WHAT THE TASK REQUIRES: An exact copy of each line below is needed, with no images in it.

SUPPLIED INFORMATION:
=== Begin Enclosure ===
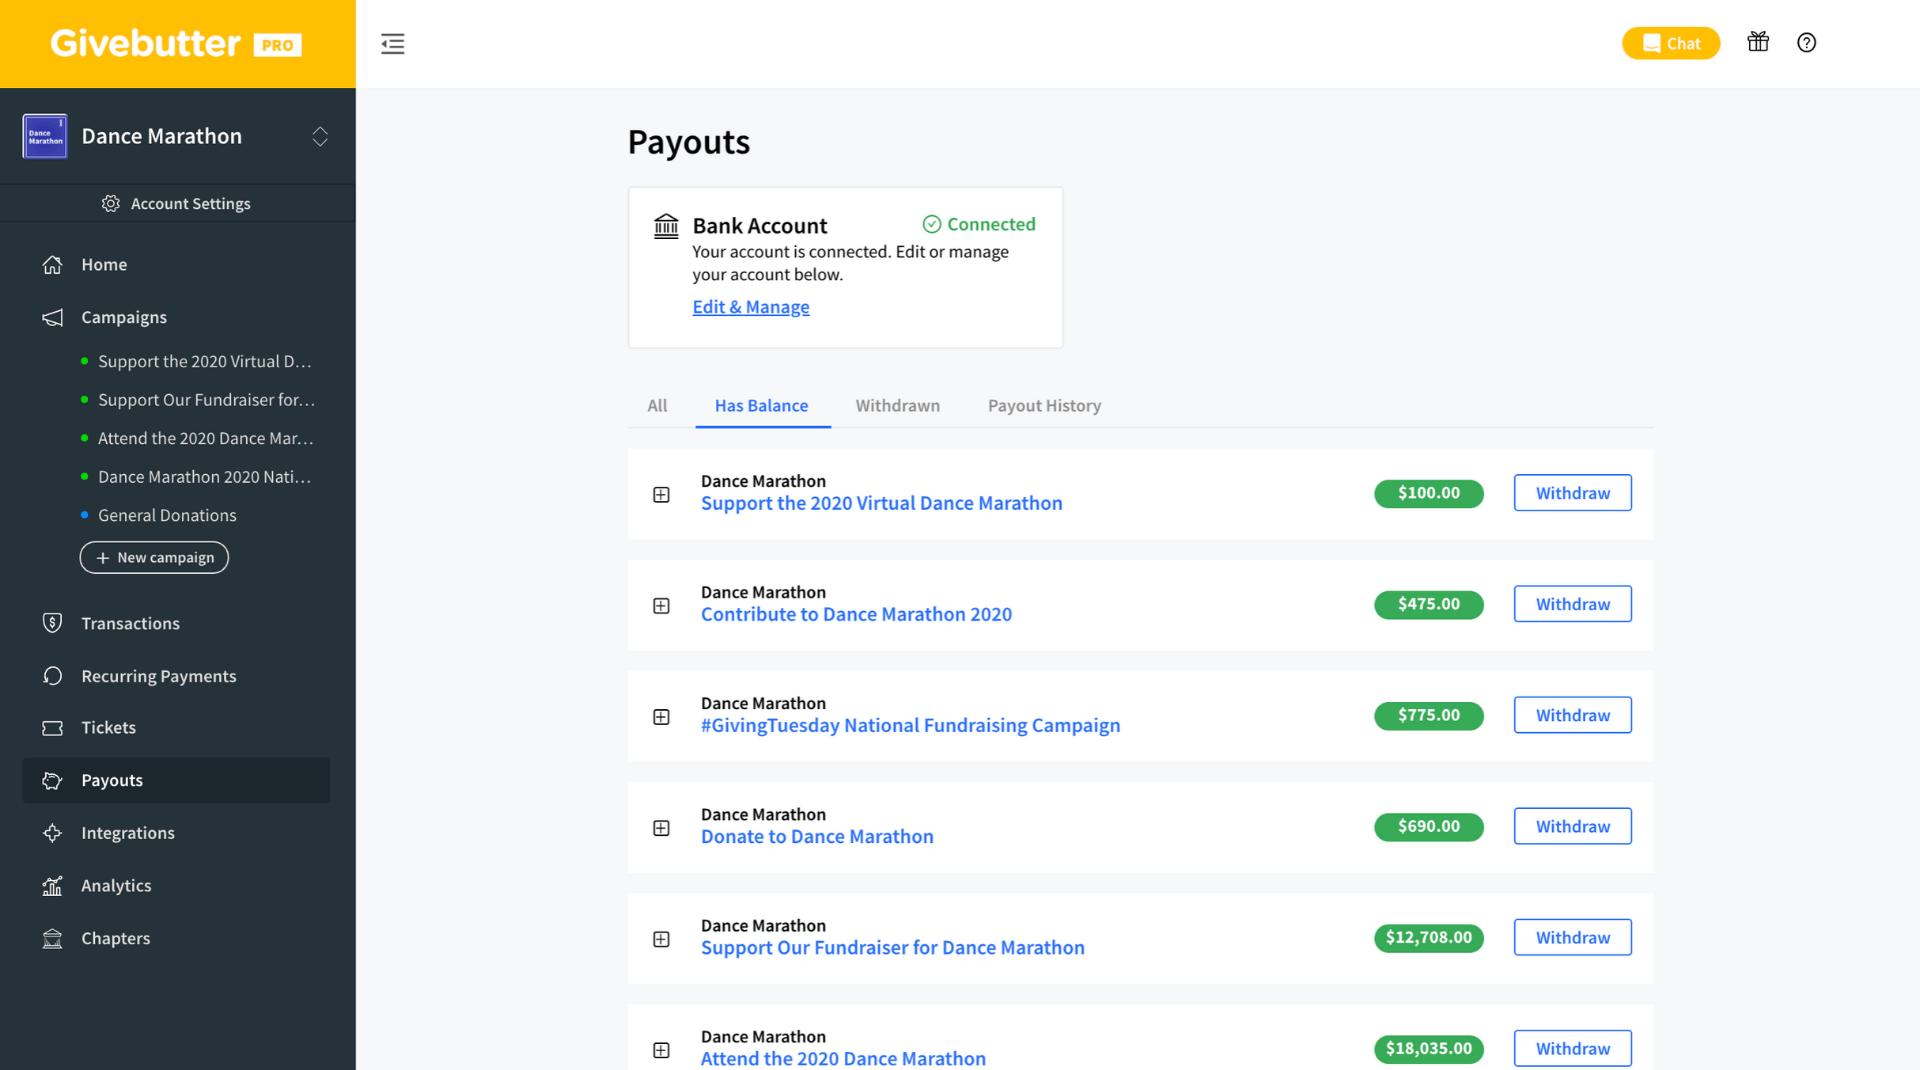 Givebutter Payouts Website Screenshot
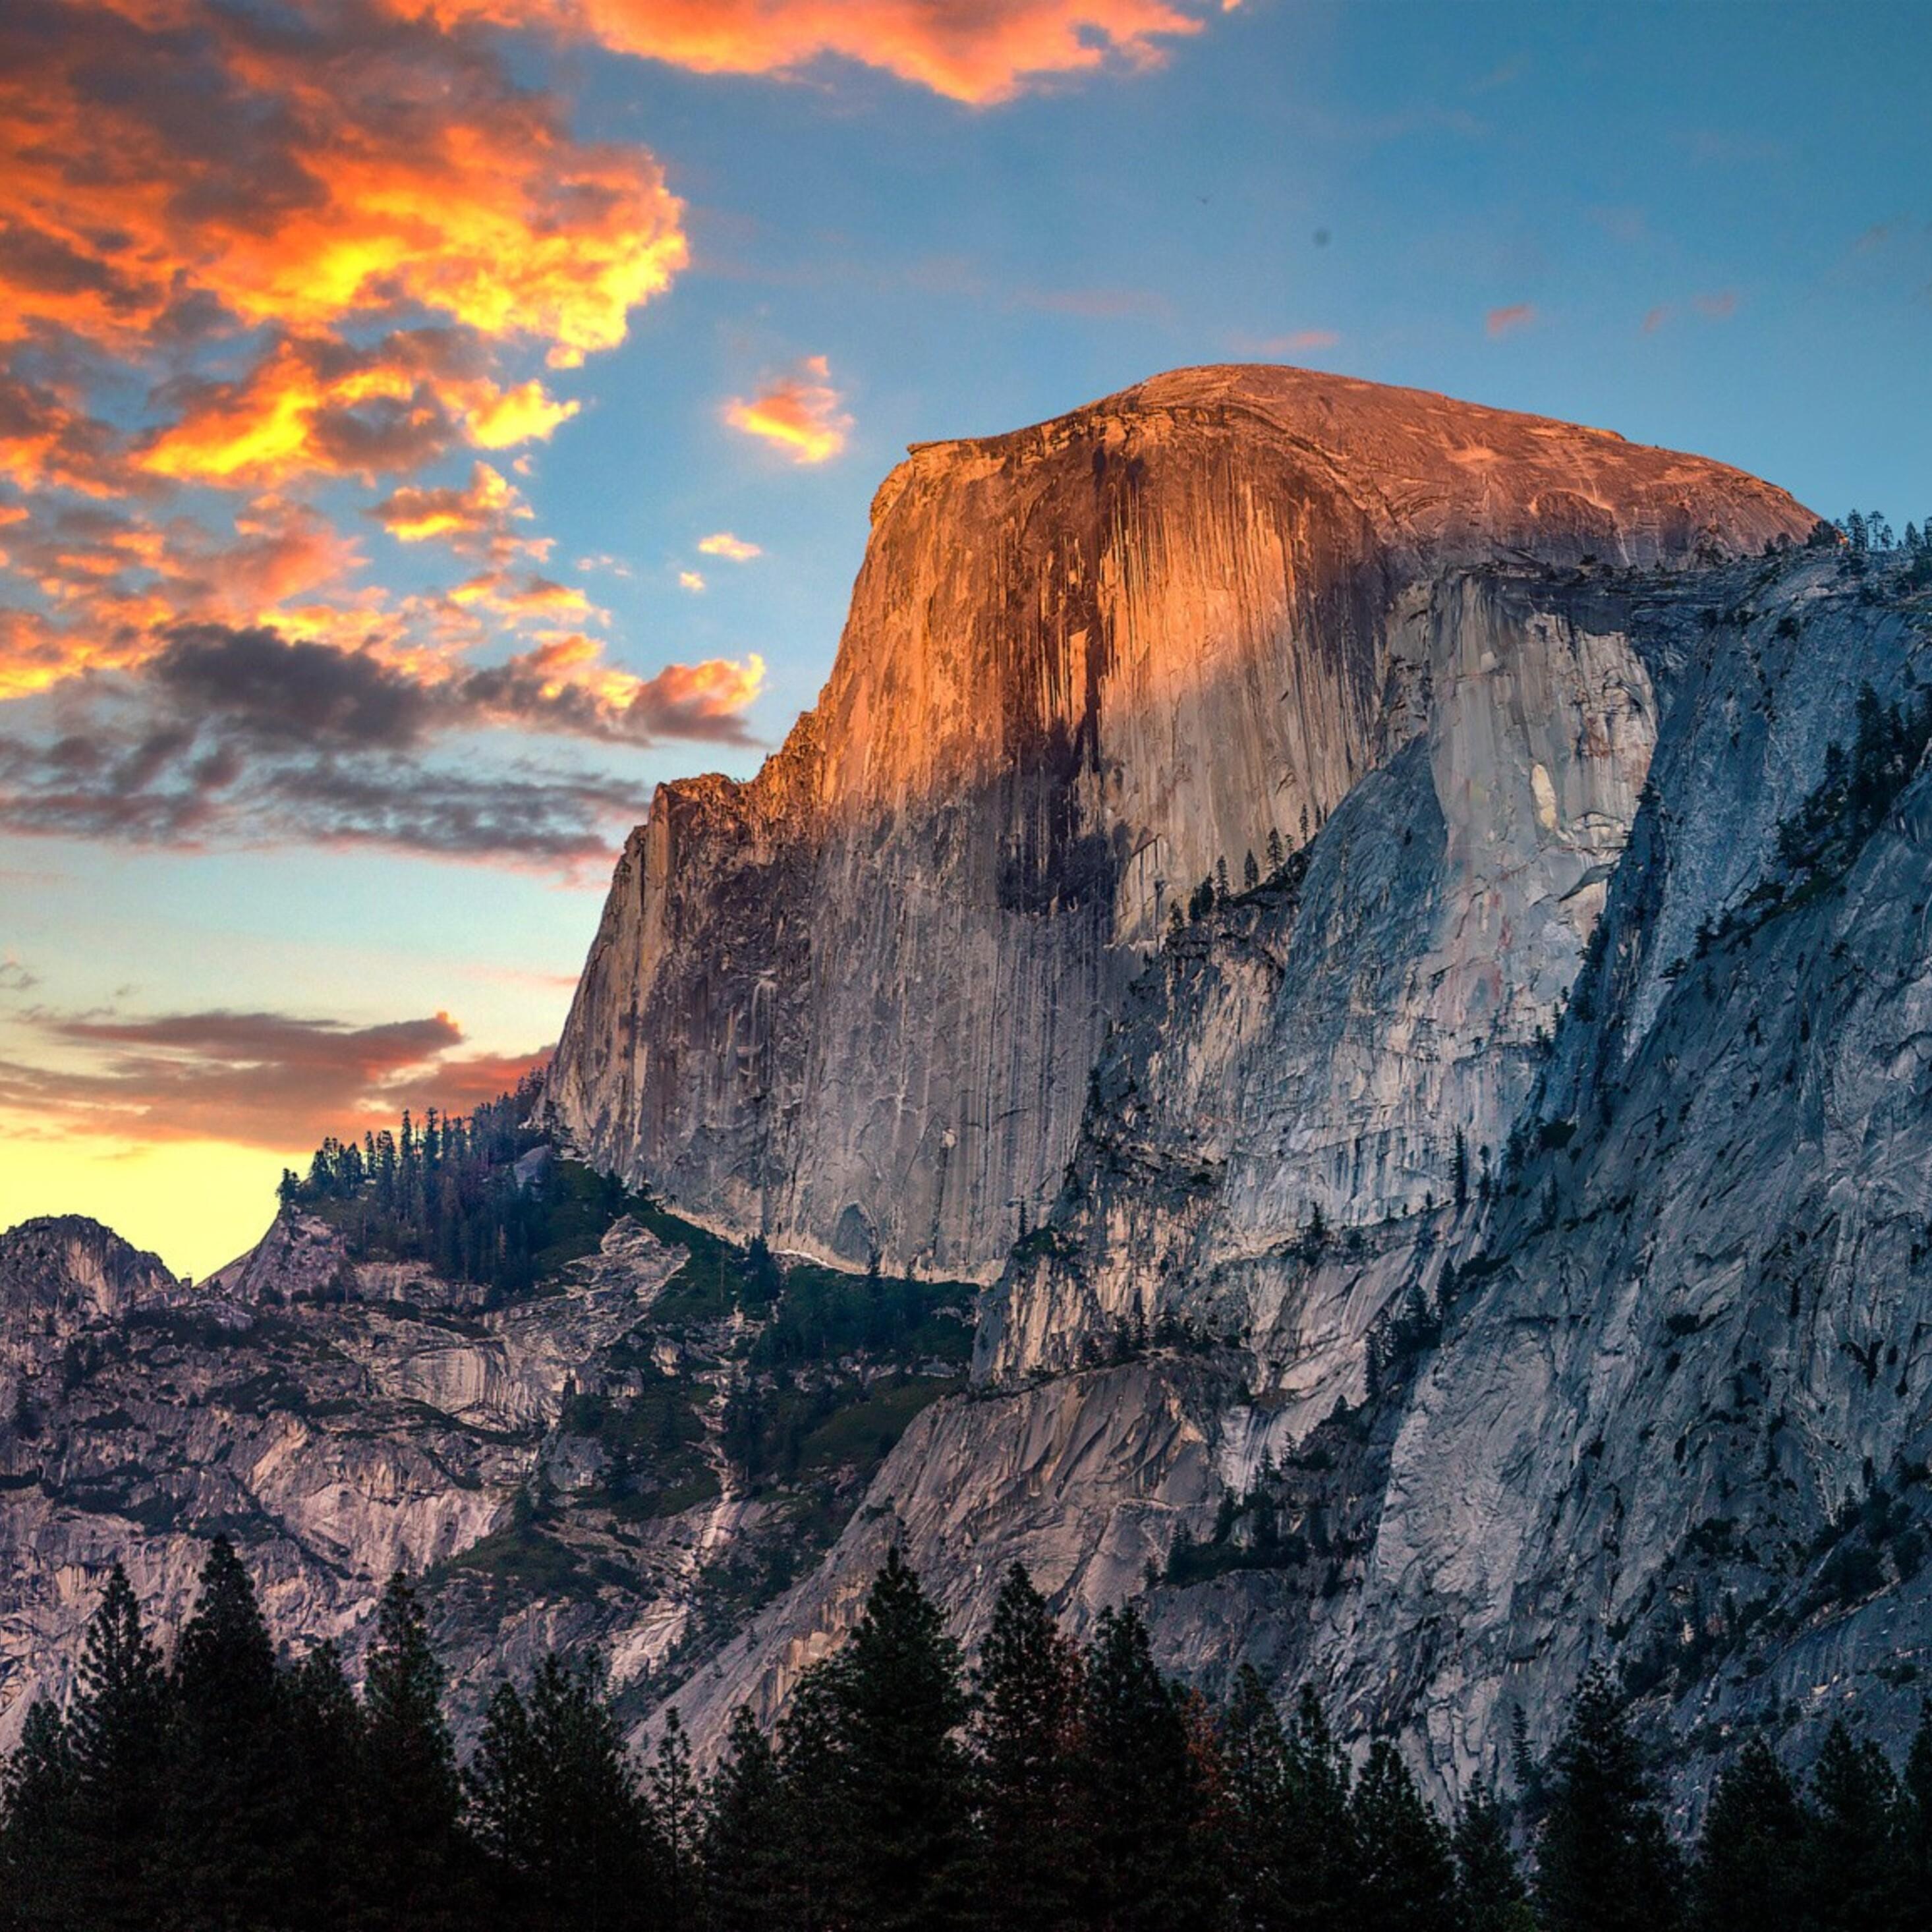 Popular Wallpaper Mountain Ipad Pro - beautiful-mountains-wallpaper-2932x2932  You Should Have_98288.jpg
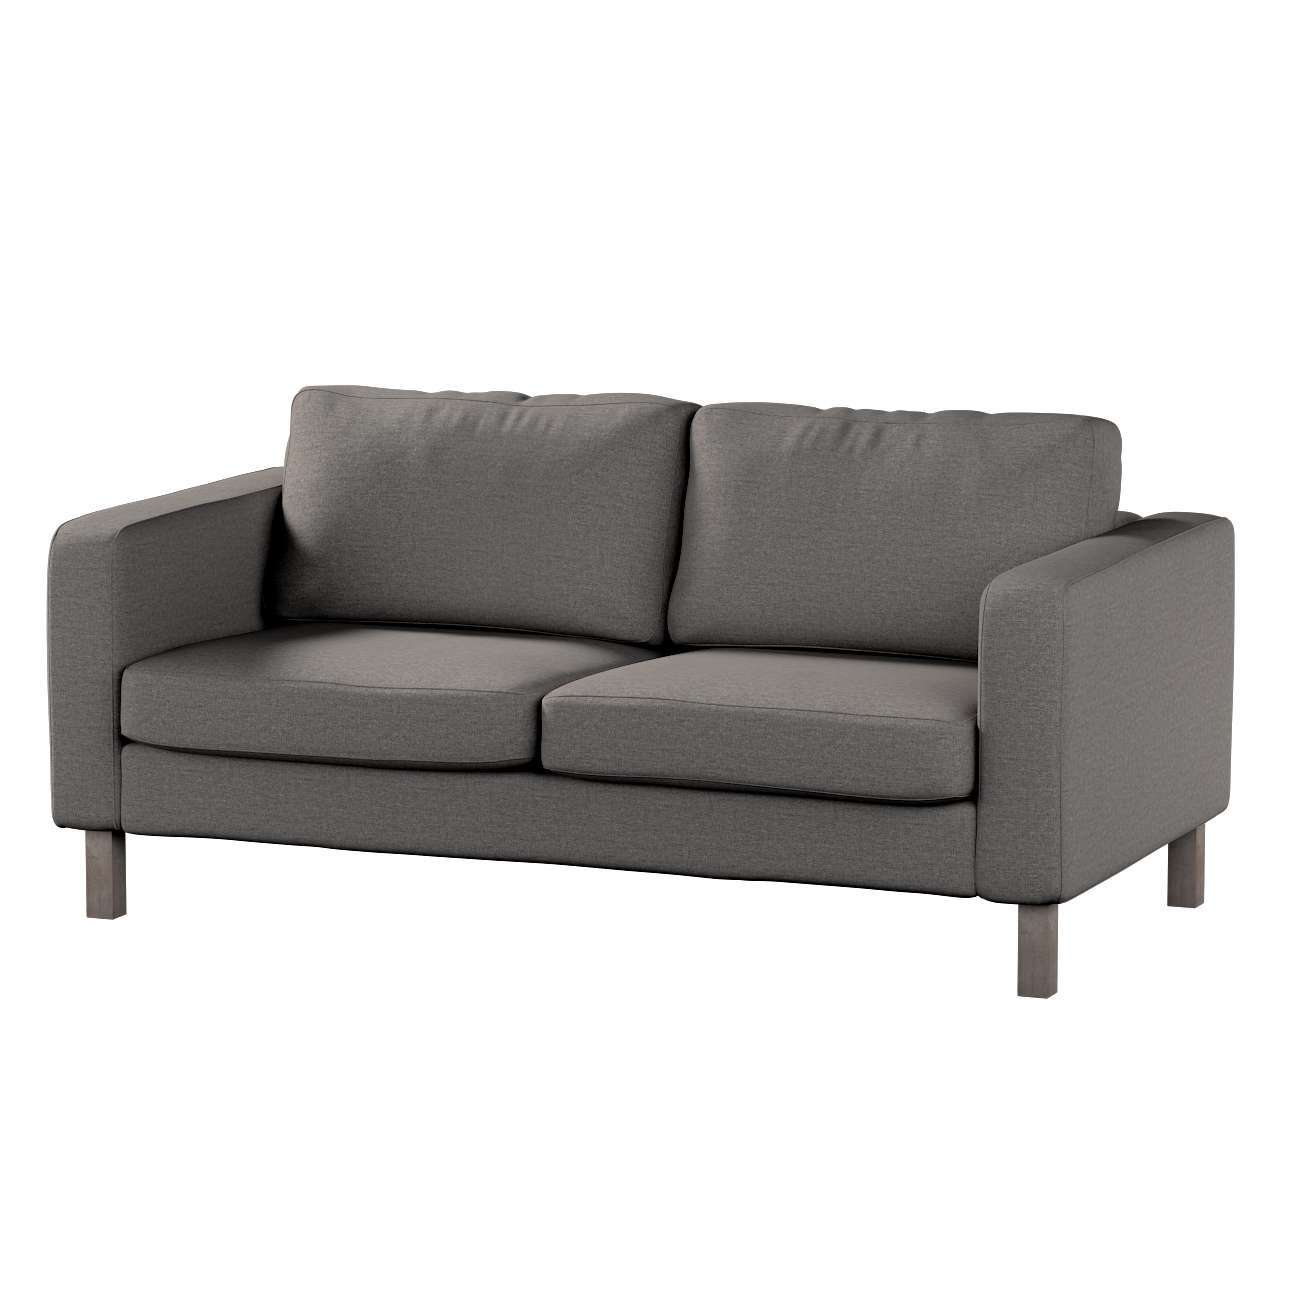 KARSLTAD dvivietės sofos užvalkalas Karlstad 2-vietės sofos užvalkalas kolekcijoje Edinburgh , audinys: 115-77
=== End Enclosure ===
SOLUTION TO THE PROBLEM:
 Givebutter Payouts Website Screenshot
 Popular Wallpaper Mountain Ipad Pro - beautiful-mountains-wallpaper-2932x2932  You Should Have_98288.jpg
 KARSLTAD dvivietės sofos užvalkalas Karlstad 2-vietės sofos užvalkalas kolekcijoje Edinburgh , audinys: 115-77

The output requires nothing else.